Originally Posted by
cradeldorf
One of them I sent to GPA about 2 years ago to be remagged the other one has had nothing done to it. funny how they both have the same DCR.. I borrowed a meter from the college to measure them.... I wonder if it needed to be calibrated?. I didn't really know what I was doing other than sticking it on the 200 OHM setting and checking them. there were no directions with the meter they just have them piled up in a tub for the students.
Are you referring to the left side of the equalizer? where the sliders are almost centered? Because I could move them up higher but thats when the cabinets started flexing like something from a Ren and Stimpy cartoon. I'm thinking I want to build real Onken Jensen cabinets for them.
I'm not real sure the entire cabinets were flexing but the back panel was sure making a racket maybe if I did some heavy duty bracing on them they'd shut up. They are about 24" by 30" 1972 particle board that I swear looks more like 5/8 instead of 3/4
Remagging is usually done only after the speaker is completely ready otherwise. So the DCR remained the same.

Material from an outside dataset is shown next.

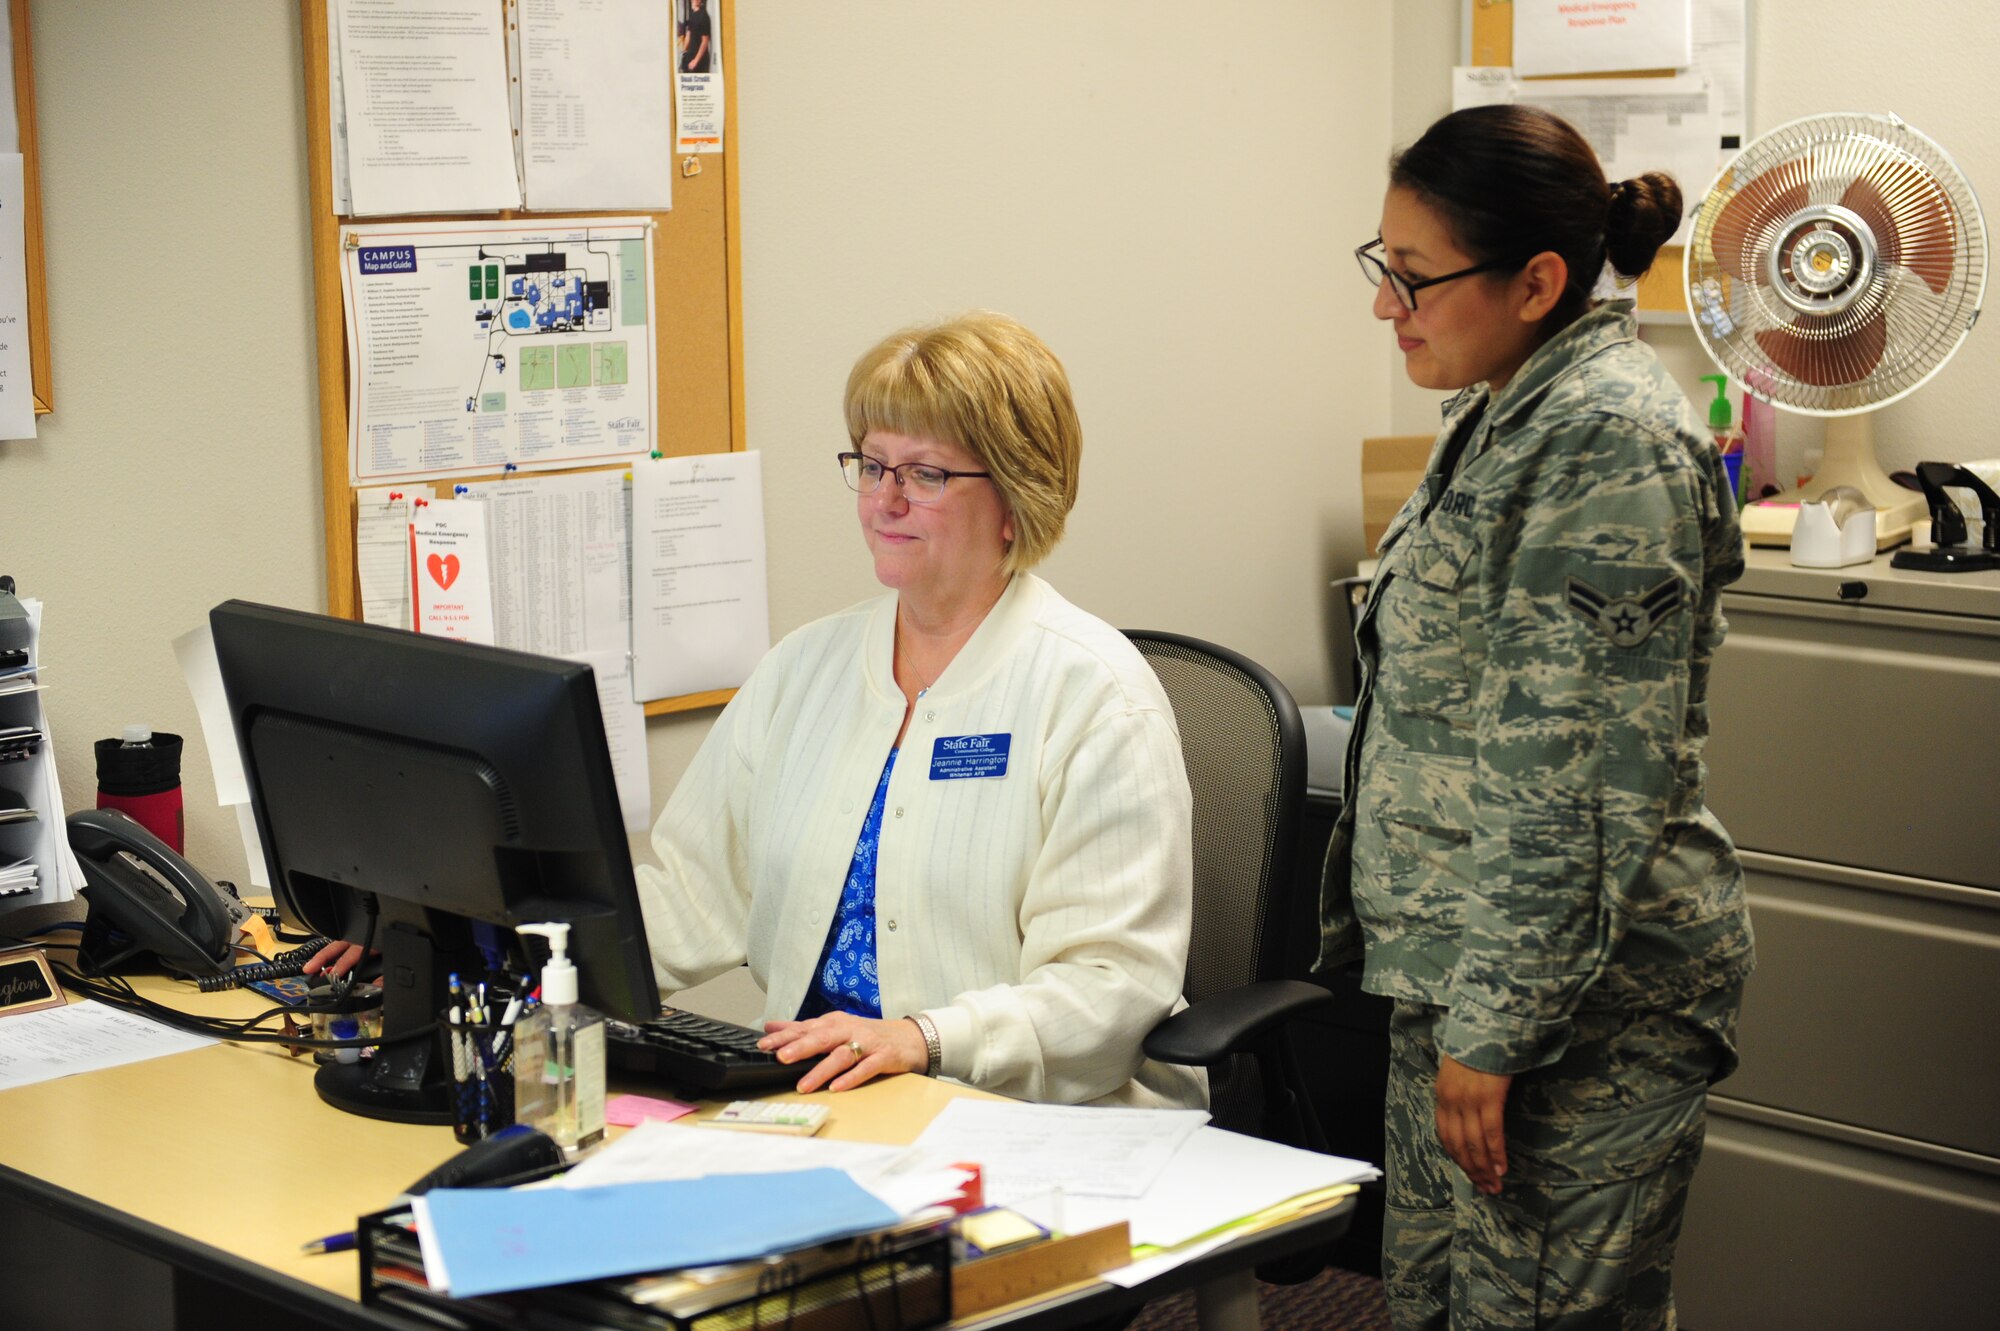 Jeannie Harrington, State Fair Community College administrative assistant, counsels Airman 1st Class Heather De Leon Ventura, 509th Maintenance Group administrator, July 30, 2015, at Whiteman Air Force Base, Mo. After speaking with an education specialist, a service member or dependent can check out the schools available at the Professional Development Center for information on the admission process or counseling on classes. (U.S. Air Force photo by Airman 1st Class Jazmin Smith/Released)

About your meter accuracy, you can always measure a known value resistor, say 10 ohms, and check it.
About the equalizer setting, it is not the left side, it is the peak at around 600 that looked unusual. A 604X rarely suffers here. But however, all these are based only on an assumption that like most people you also like a set up which is tuned to a 'flat' response, b'coz there are no other tangible proof available here. I think it is high time you get these drivers measured up systematically, thru someone more acquainted with the process. Otherwise it will be almost impossible to get predictable results, as the variables are too many, and we even do not know where the 'square-one' is, to go back if needed.